Haydarpaşa Garı’nın 116 yıl önce Osmanlı Sultanı II. Abdülhamid tarafından açıldığını hatırlatan Uraloğlu, İstanbul’un en simgesel yapılarından biri olarak önemini vurguladı. Ayrıca garın çatısının çöktüğünü ve 28 Kasım 2010’da çıkan yangın nedeniyle dördüncü katın ciddi şekilde hasar gördüğünü kaydetti. Olayın ardından Devlet Demiryolları Genel Müdürlüğü, tarihi dokuyu bozmadan titiz bir restorasyon çalışması başlattı.
Restorasyon iki aşamada gerçekleştirildi. İlk aşamada en çok hasar gören çatı, üç yıl boyunca orijinal tasarımına uygun şekilde restore edildi. İstasyonun kulelerinde de onarımlar yapıldı.
Uraloğlu, “Çatı restorasyonunun tamamlanmasıyla birlikte, mekanik ve elektrik sistemleri ile yükseltilmiş döşemelerin yapılmasının ardından istasyon yeni görünümüne kavuşacak” dedi.
Ayrıca zemin iyileştirme çalışmalarının ve olası depremlere karşı yapısal güçlendirmelerin tamamlandığını da belirtti.
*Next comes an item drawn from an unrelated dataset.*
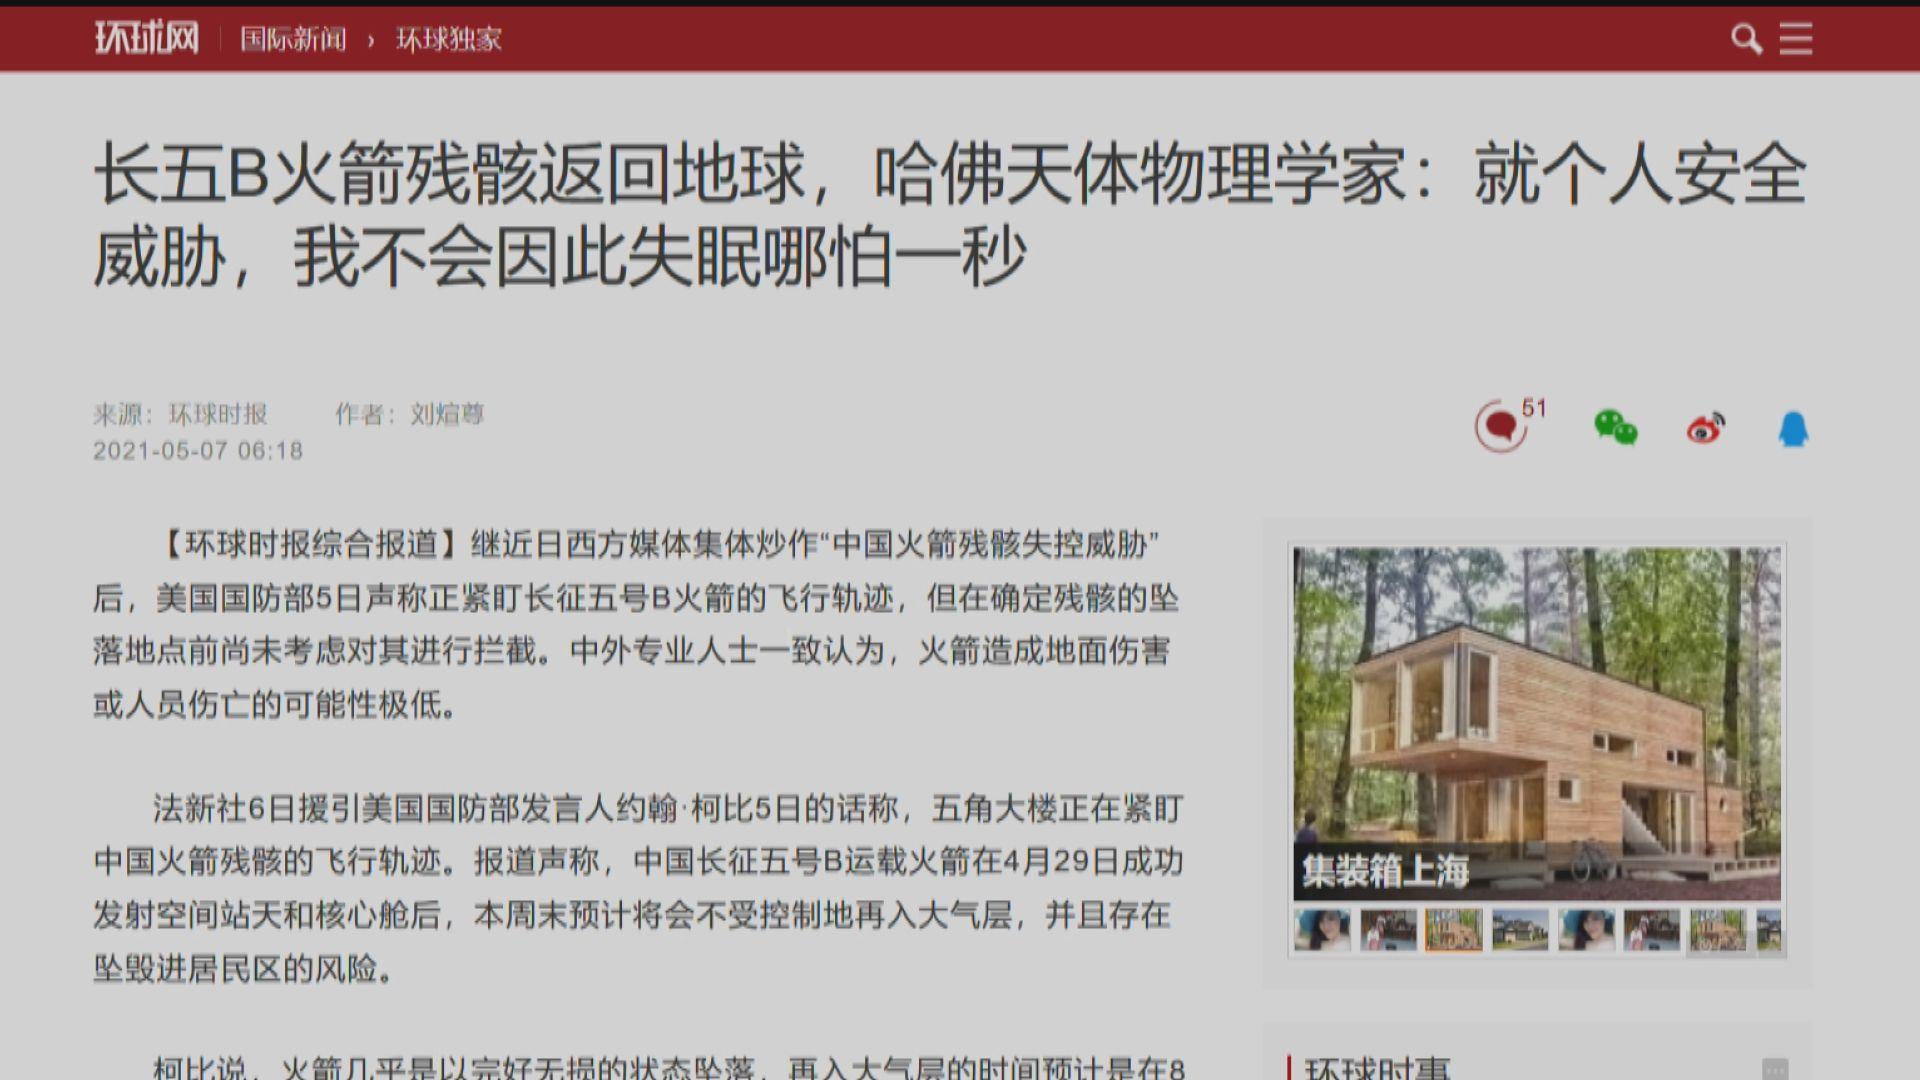 環時批西方炒作中國太空威脅論 長征五號火箭殘骸失控是偽命題

Haydarpaşa Garı’nın simgesi olan ikonik saatin bakımı yapılarak orijinal yerine yerleştirildi. Zemin kattaki yolcu bekleme salonundaki dekorasyonlar, vitraylar, orijinal zemin duvarları, duvar kaplamaları, altın varaklı aplikler ve ahşap işçiliği restore edildi. Özel olarak açılan bir ocaktan elde edilen Lefke taşı kullanılarak dış cephe onarımı için hassas çalışmalar devam ediyor. Dış cephe çalışmaları ve aydınlatma da tamamlandı.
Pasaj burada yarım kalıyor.